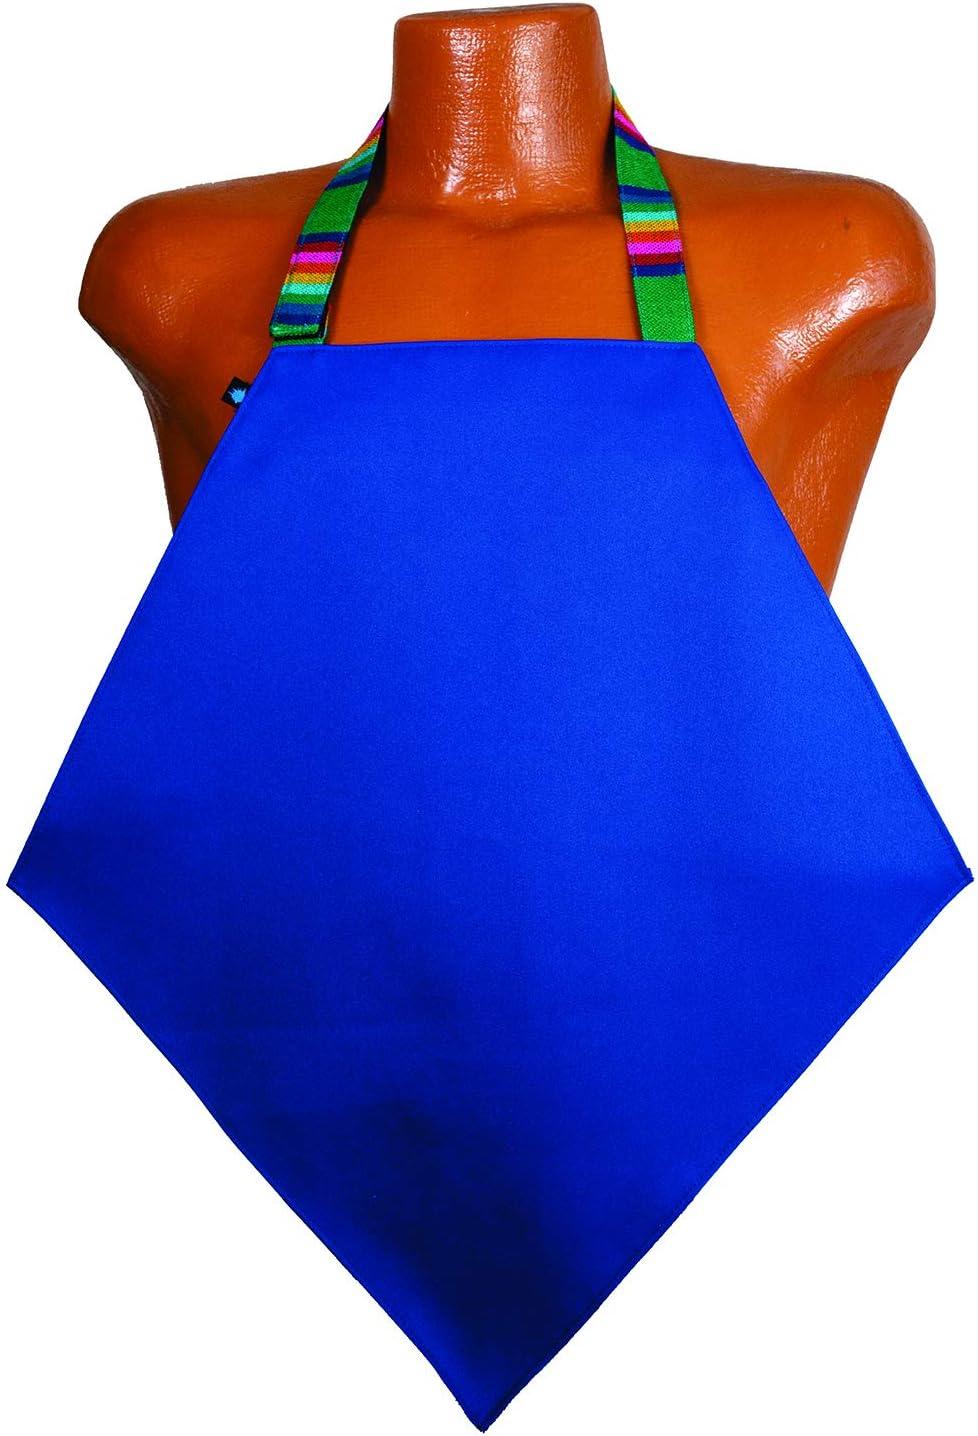 Food Firewall Adult Dining Bib/Mini-Apron-Top Clothing Protectors - Royal Blue Basico: Health & Personal Care
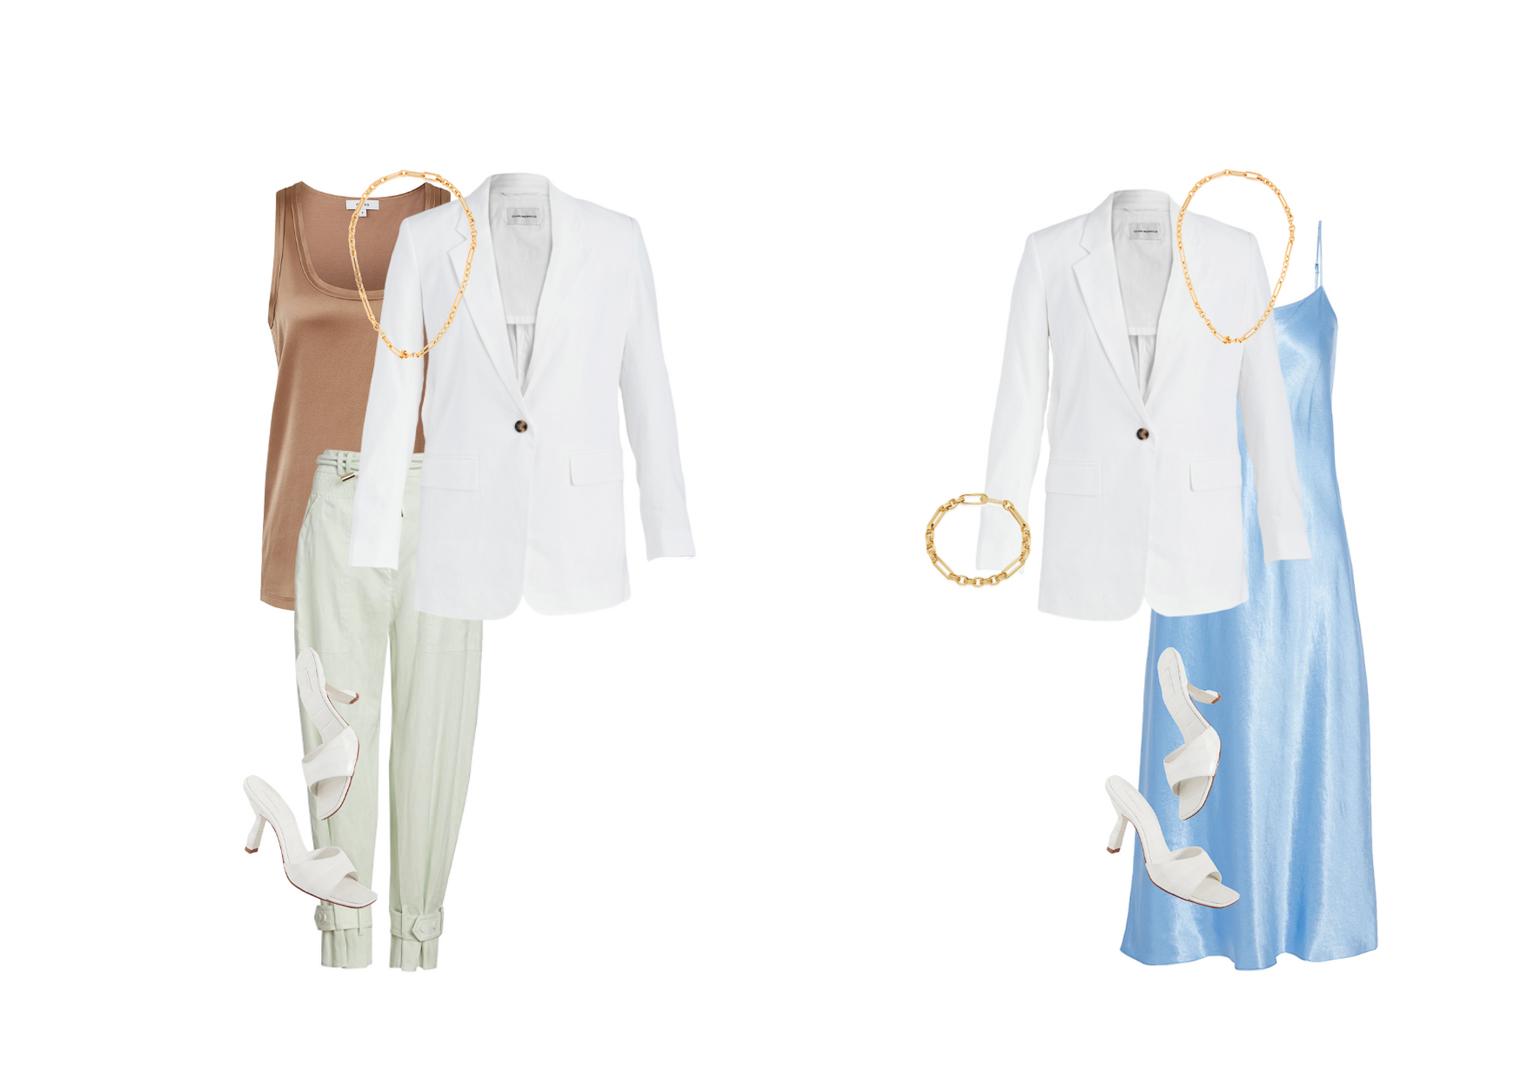 Stylish summer capsule wardrobe looks for the city
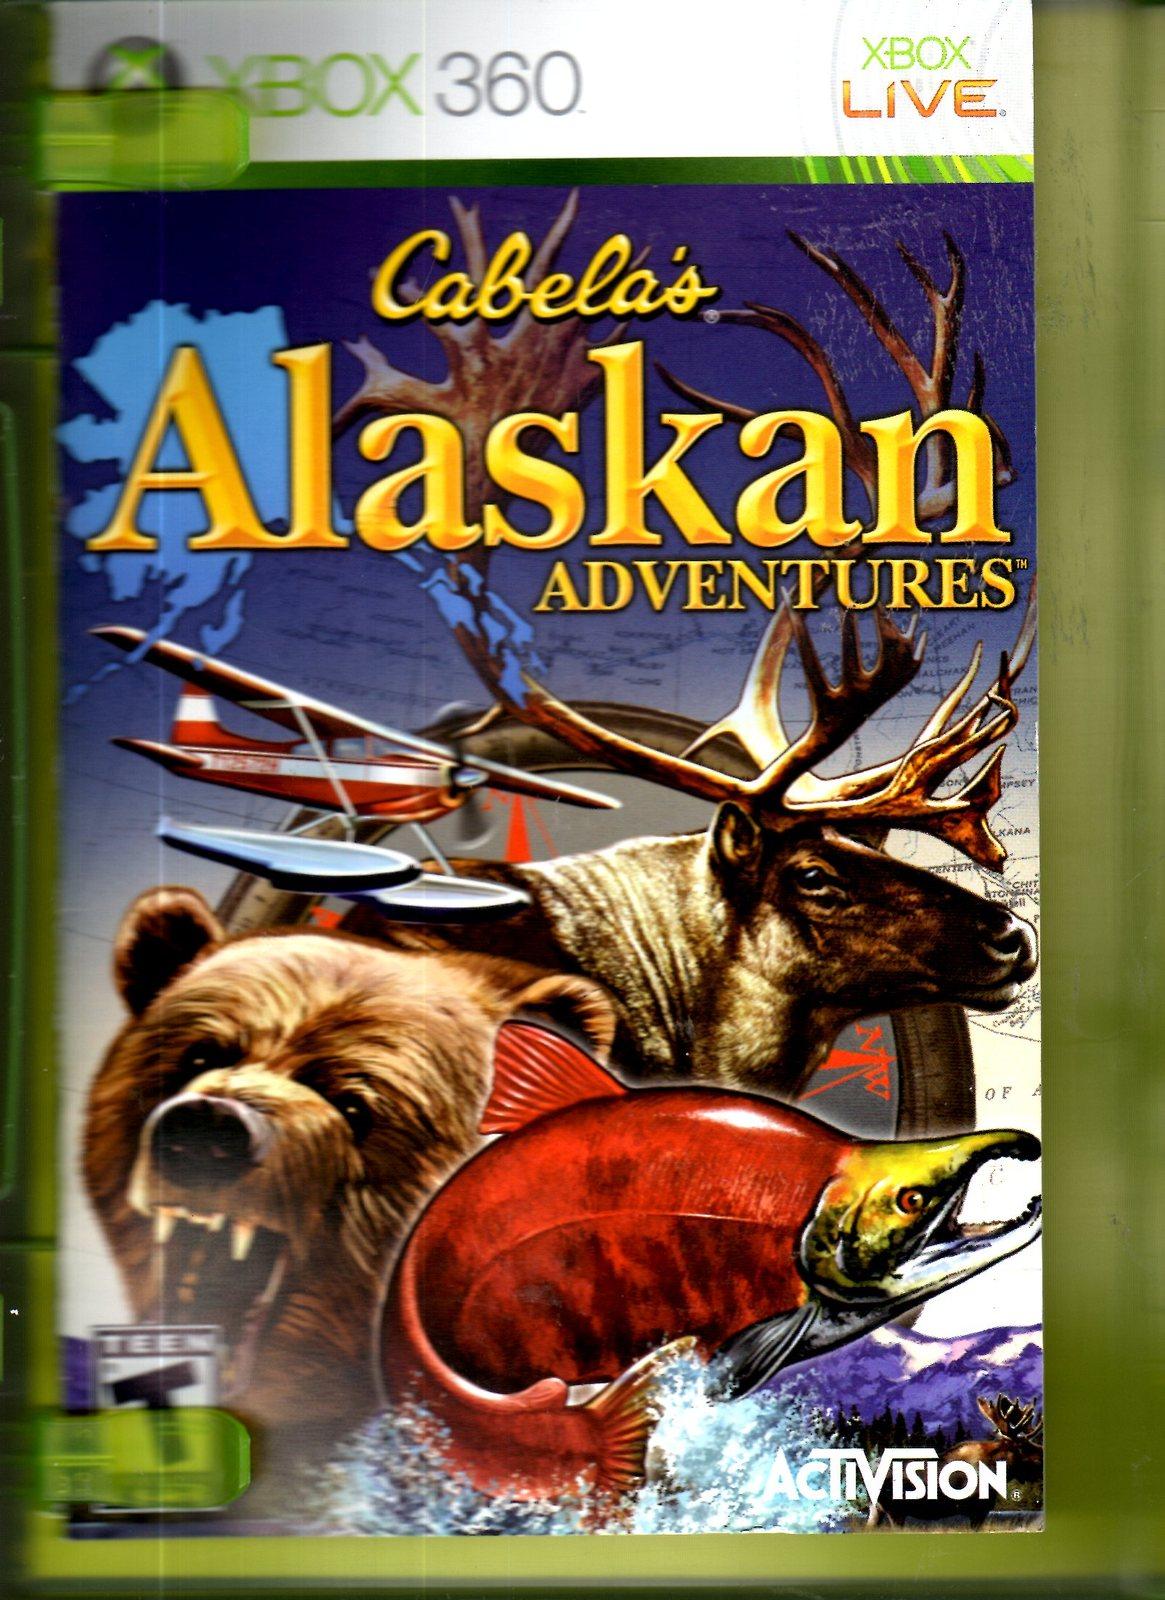 XBOX 360 - Cabela's Alaskan Adventures

▸ **Exercise details**: All of the data should come back exactly as written, but without pictures.

▸ **Reply**:
 Food Firewall Adult Dining Bib/Mini-Apron-Top Clothing Protectors - Royal Blue Basico: Health & Personal Care
 Stylish summer capsule wardrobe looks for the city
 XBOX 360 - Cabela's Alaskan Adventures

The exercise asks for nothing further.